One of his ventures was to extract an approximately 200Kg block of coal, have it man handled up the 200m high escarpment and then displayed at the 1879 International Exhibition in Sydney. Based on the sample it is believed he was awarded a Government contract to supply coal to the NSW Railways.
It took some years to raise the necessary capital and install the equipment needed, but by 1883 the mine was in full production.
A double incline had been constructed up from the base of a small self acting incline which brought the coal down about 40m from the mouth of the adit to the base of the main incline. At the top of the main incline a dual tramway was constructed covering the 3 Klms to a railway siding on the main Western Line
and then transported to Sydney. By 1888 there were 23 men employed underground and 60 men on the surface, the total output for the 6 months June to December 1888 was 65,680 tons of coal.

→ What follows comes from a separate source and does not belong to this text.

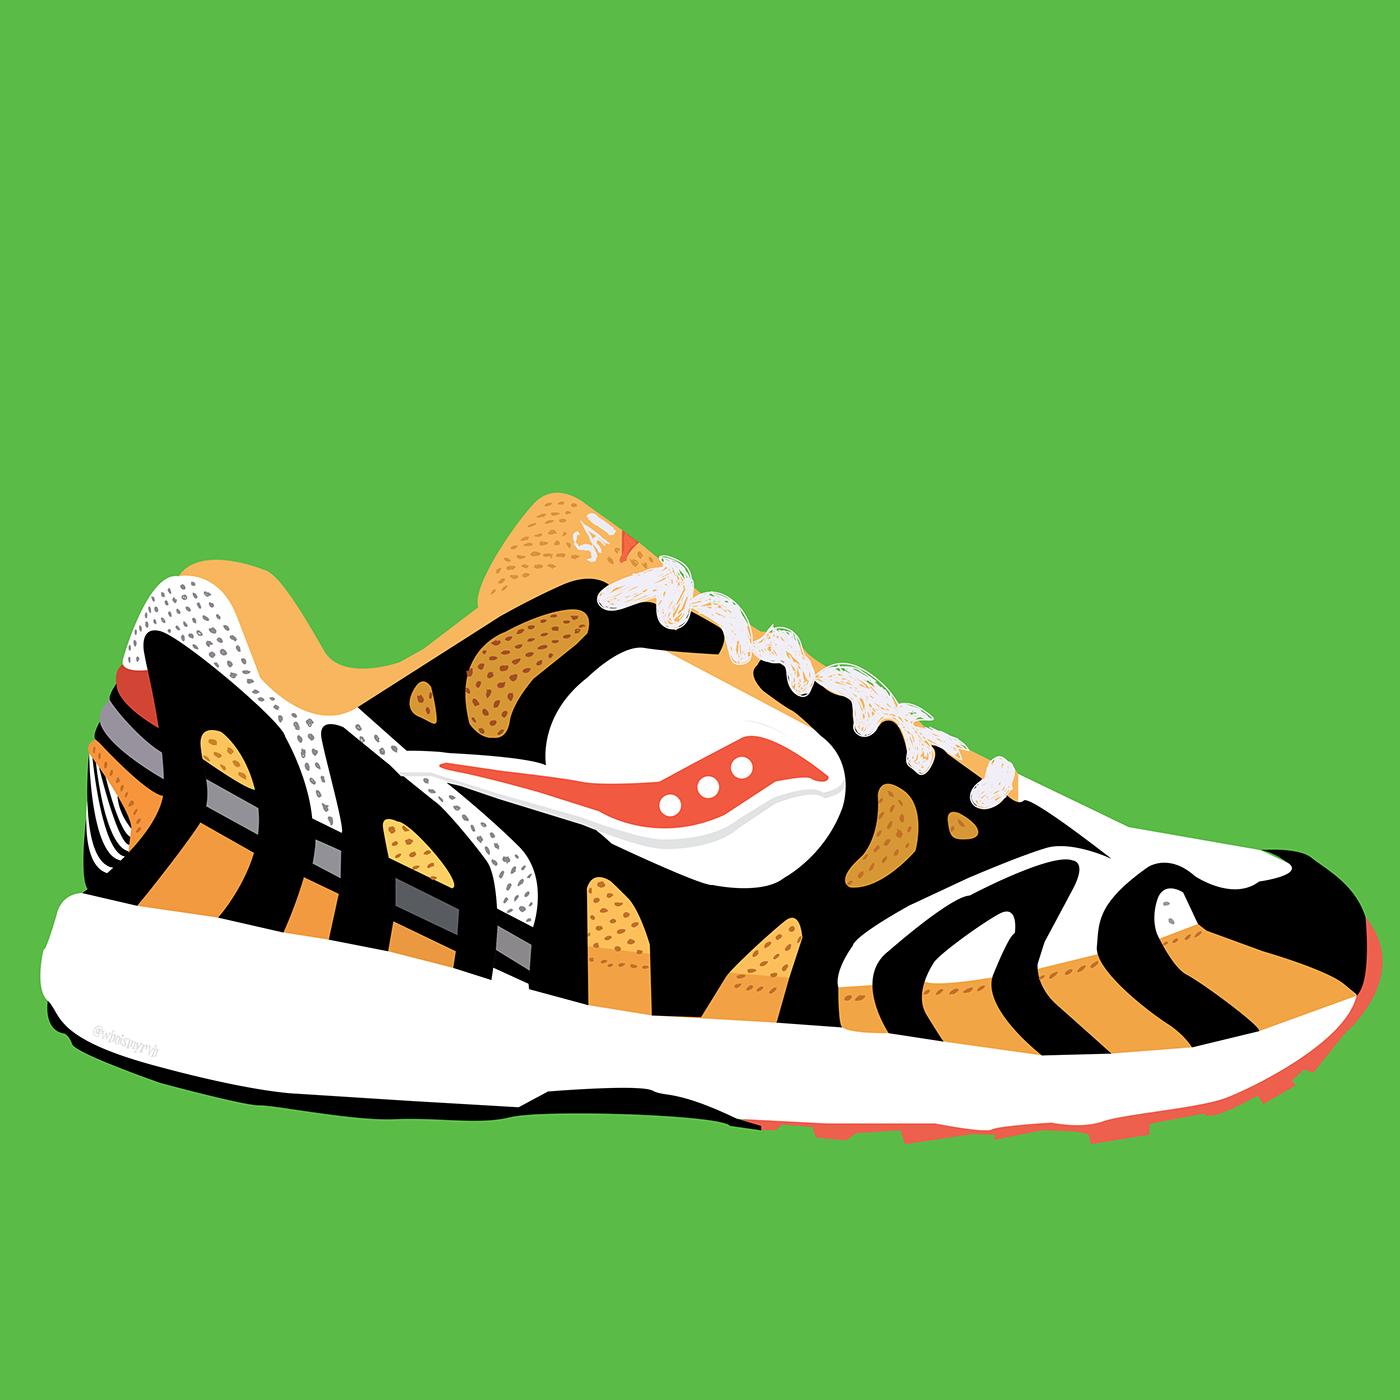 adidas,branding ,brands,designer,Fashion ,footwear,ILLUSTRATION ,Nike,saucony,vectorart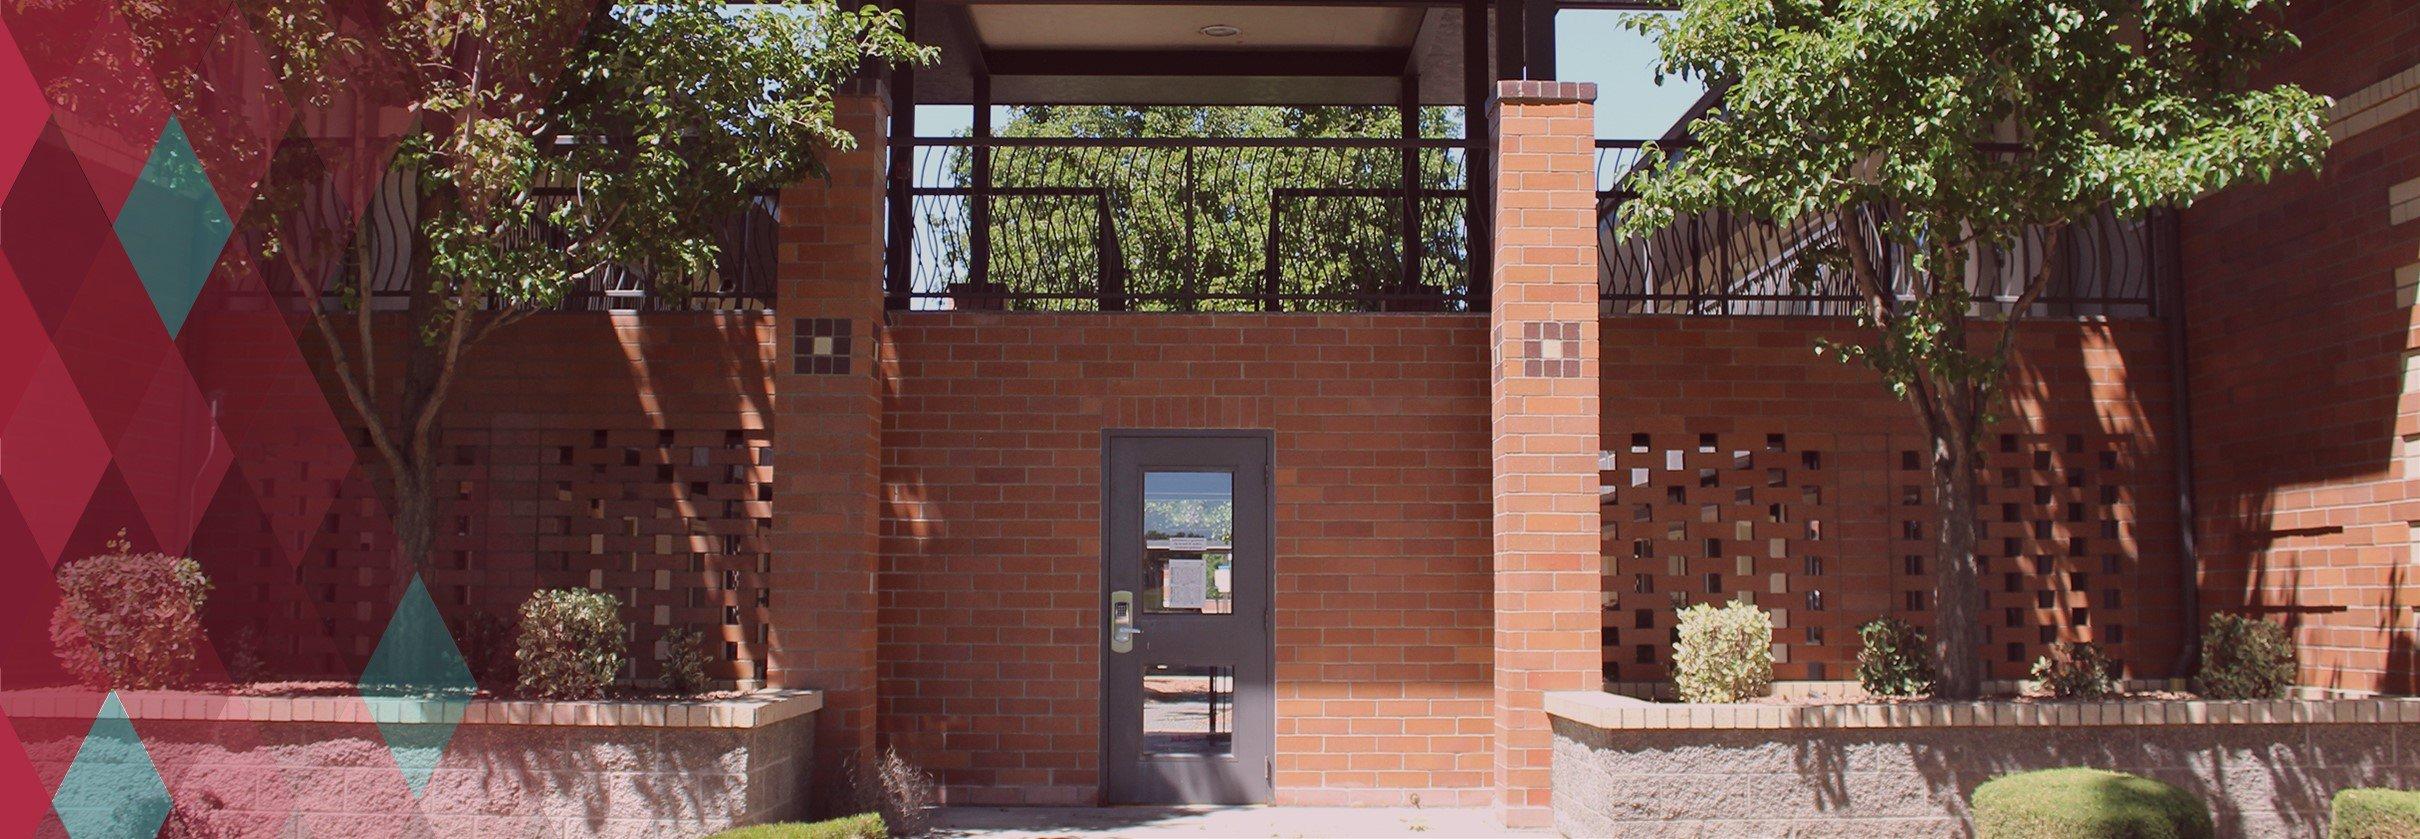 Guest House building

The incline Railway was designed by Sydney civil engineer Norman Selfe it was initially built with twin tracks and was completed in 1882. It passes through a natural tunnel in a slot in the cliff face between Orphan Rock and the present site of the tourist center, a substantial amount of rock blasting was necessary to provide a uniform grade of average 44 degrees from the cliff top 200m down to the valley some 30m below the outcrop of the Katoomba seam.


This section of the tramway above was photographed in 1892, at that stage 154 men worked at the various mines in the area and the extracted 22,000 tons of shale during that year.
The cliff in the background is now the famous Katoomba Landslide, this particular section of the tramway ran between the Mount Rennie tunnel through Narrow Neck and the Daylight Tunnel through the Katoomba coal mine, the skips visible in the photo carried oil shale from the Glen Shale mine in the Megalong Valley to the base of the incline, which is now the Scenic Railway.





The last mine closed in the late 1930's , today the incline railway transports tourists.